## Exercise prompt:
Each line of the material should be retyped without alteration.
┌─ Dataset section
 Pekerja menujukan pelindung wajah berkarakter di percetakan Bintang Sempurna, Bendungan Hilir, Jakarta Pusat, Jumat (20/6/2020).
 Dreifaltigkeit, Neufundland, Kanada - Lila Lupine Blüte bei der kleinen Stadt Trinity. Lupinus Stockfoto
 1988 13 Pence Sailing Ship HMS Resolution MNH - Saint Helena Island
└─
## Response below:
 Pekerja menujukan pelindung wajah berkarakter di percetakan Bintang Sempurna, Bendungan Hilir, Jakarta Pusat, Jumat (20/6/2020).
 Dreifaltigkeit, Neufundland, Kanada - Lila Lupine Blüte bei der kleinen Stadt Trinity. Lupinus Stockfoto
 1988 13 Pence Sailing Ship HMS Resolution MNH - Saint Helena Island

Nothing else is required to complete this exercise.